Sprinkle instant yeast on top of the water.
You’ll notice the yeast starting to activate as it gives off a distinct smell and forms clumps.
Add salt and bread flour to the mixture, and stir everything together until a dough begins to form.
Cover the bowl with a kitchen towel and let it sit in a warm place for 15 minutes to allow the initial rise.
Step 2: Perform Stretch and Folds
After the initial 15-minute rise, remove the towel.
Wet your hand to prevent sticking and perform the first set of stretch and folds.
To do this, reach down to the bottom of the dough, pull it up, and fold it over the top.
Turn the bowl a quarter turn and repeat until you’ve completed a full rotation.
Cover the dough again and let it rest for 15 minutes.
Repeat this process twice more, with each rest lasting 15 minutes.
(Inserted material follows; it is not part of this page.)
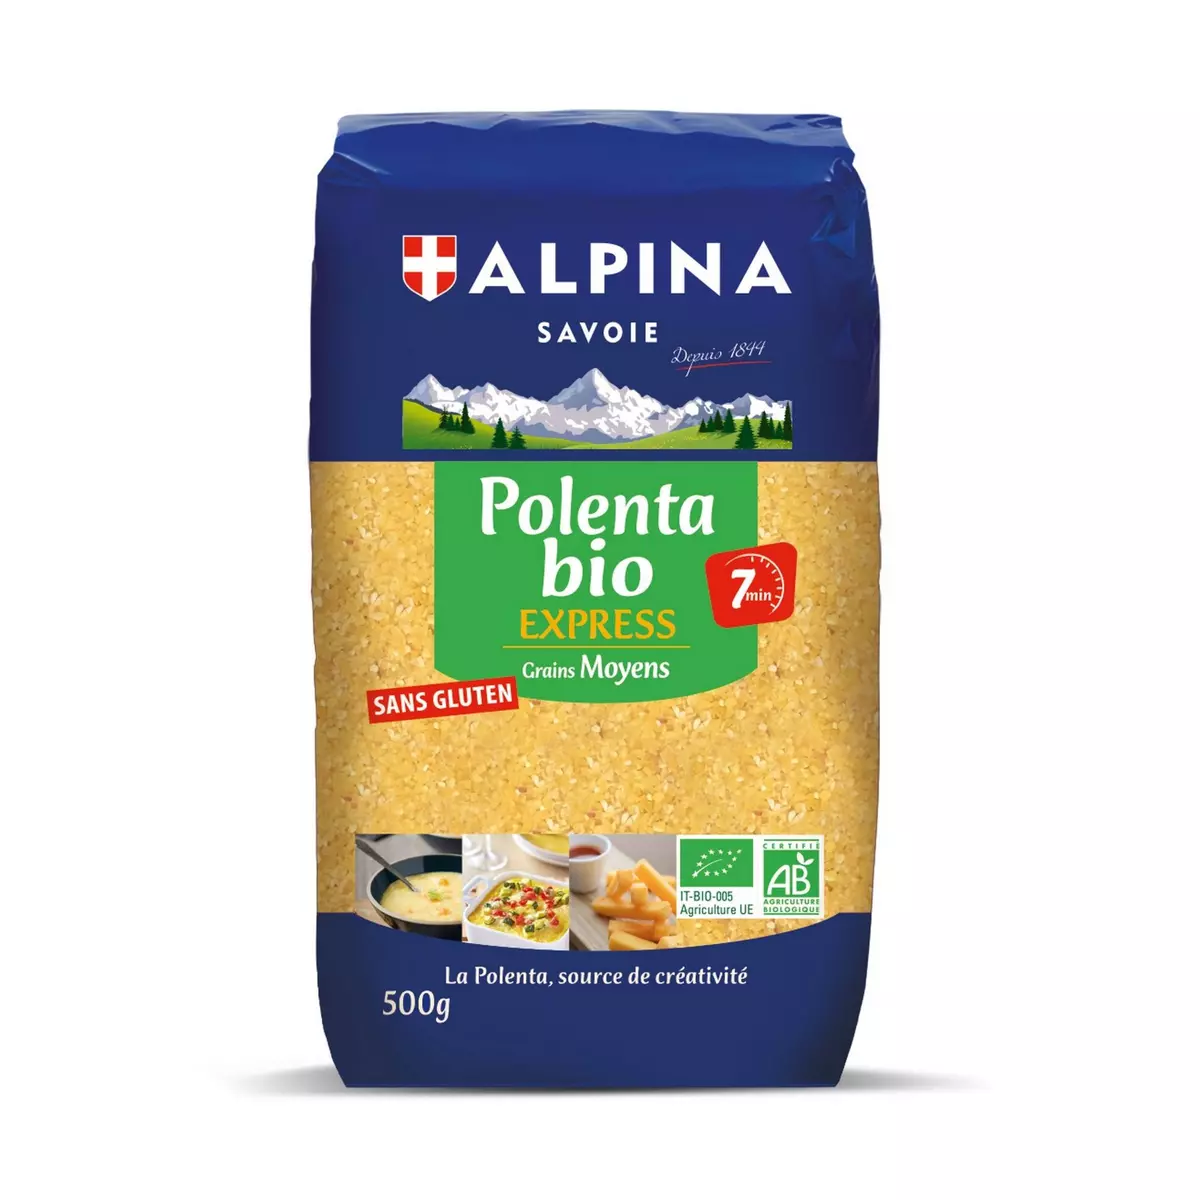 ALPINA SAVOIE Polenta bio express grains moyens sans gluten 500g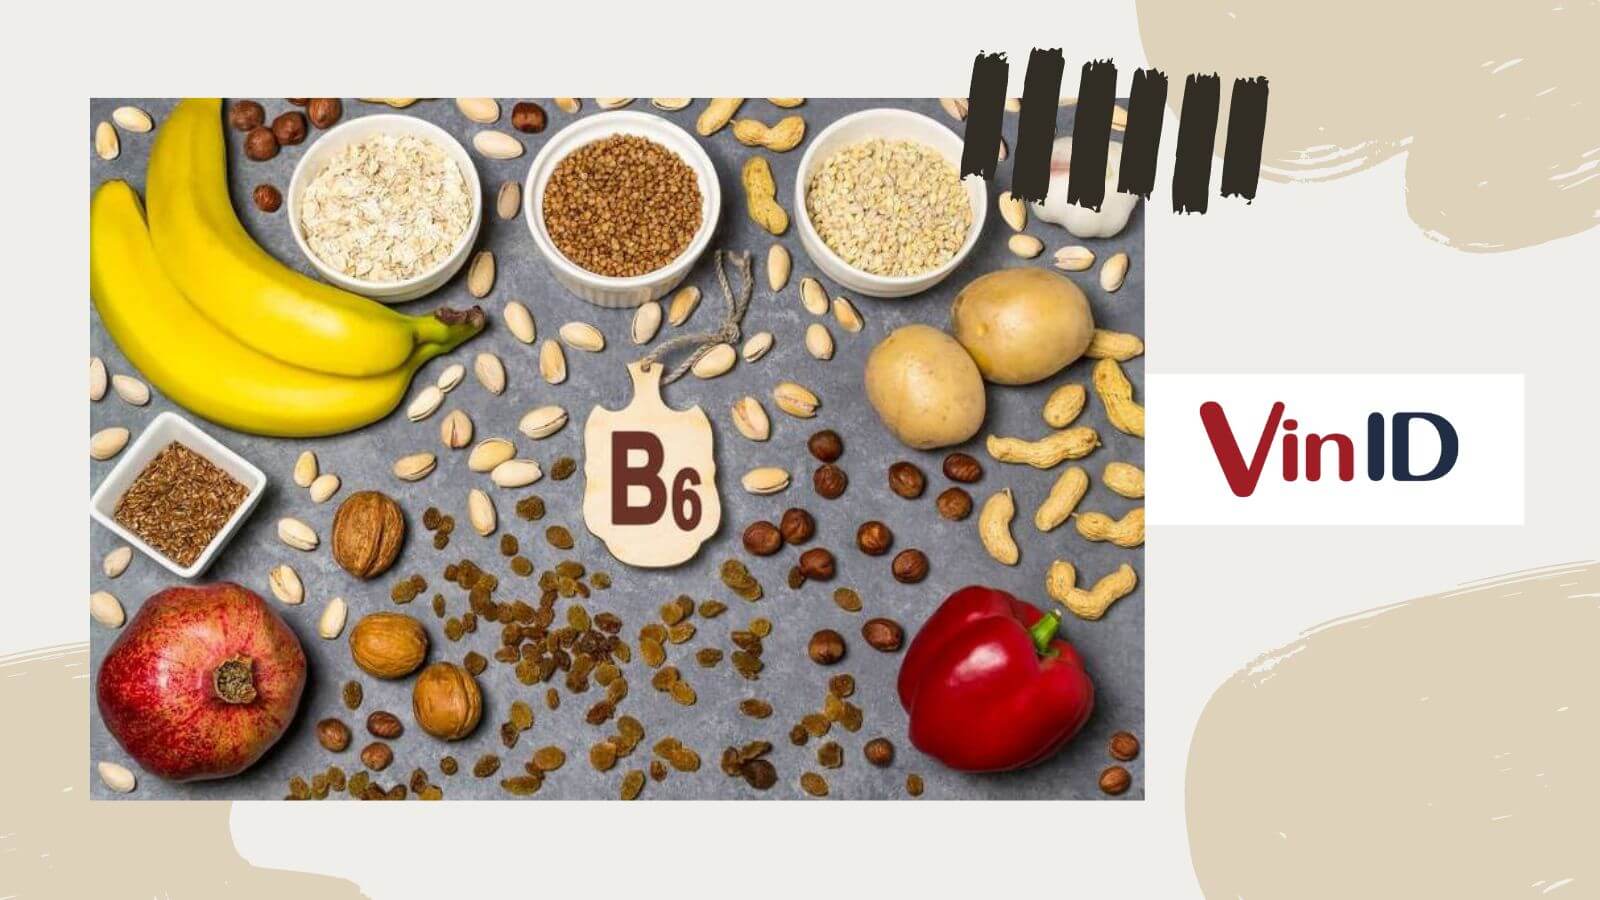 Quy trình hấp thụ và chuyển hóa vitamin B6 trong cơ thể như thế nào?

After the third set, cover and allow the dough to rise for another 30 minutes or until it doubles in size.
Step 3: Prepare the Pan
While the dough is on its final rise, pour 50 grams of olive oil into the bottom of a non-stick, metal 9 by 13 inch baking pan, ensuring the entire surface is covered.
If you prefer, you can add a little more oil to enhance the flavor and texture of the crust.
Step 4: Proof the Dough in the Pan
Once the dough has doubled in size, transfer it to the prepared pan.
Gently spread it to fill the entire base of the pan.
Cover with a kitchen towel and allow it to rise for about an hour, during which time it should noticeably puff up.
Step 5: Dimple and Bake
Preheat your oven to 450ºF.
After the dough has doubled in size again, pour 30 grams of olive oil over the top.
Use your fingers to gently dimple the dough without deflating it entirely, as you want to maintain its airy texture.
Sprinkle with flaky sea salt or any other desired toppings.
Bake in the preheated oven for 25 minutes until golden brown.
Step 6: Cool and Enjoy
Once baked, let the focaccia cool completely on a wire rack.
Once cooled, slice and serve your delicious homemade focaccia.
Enjoy the delightful texture and flavor!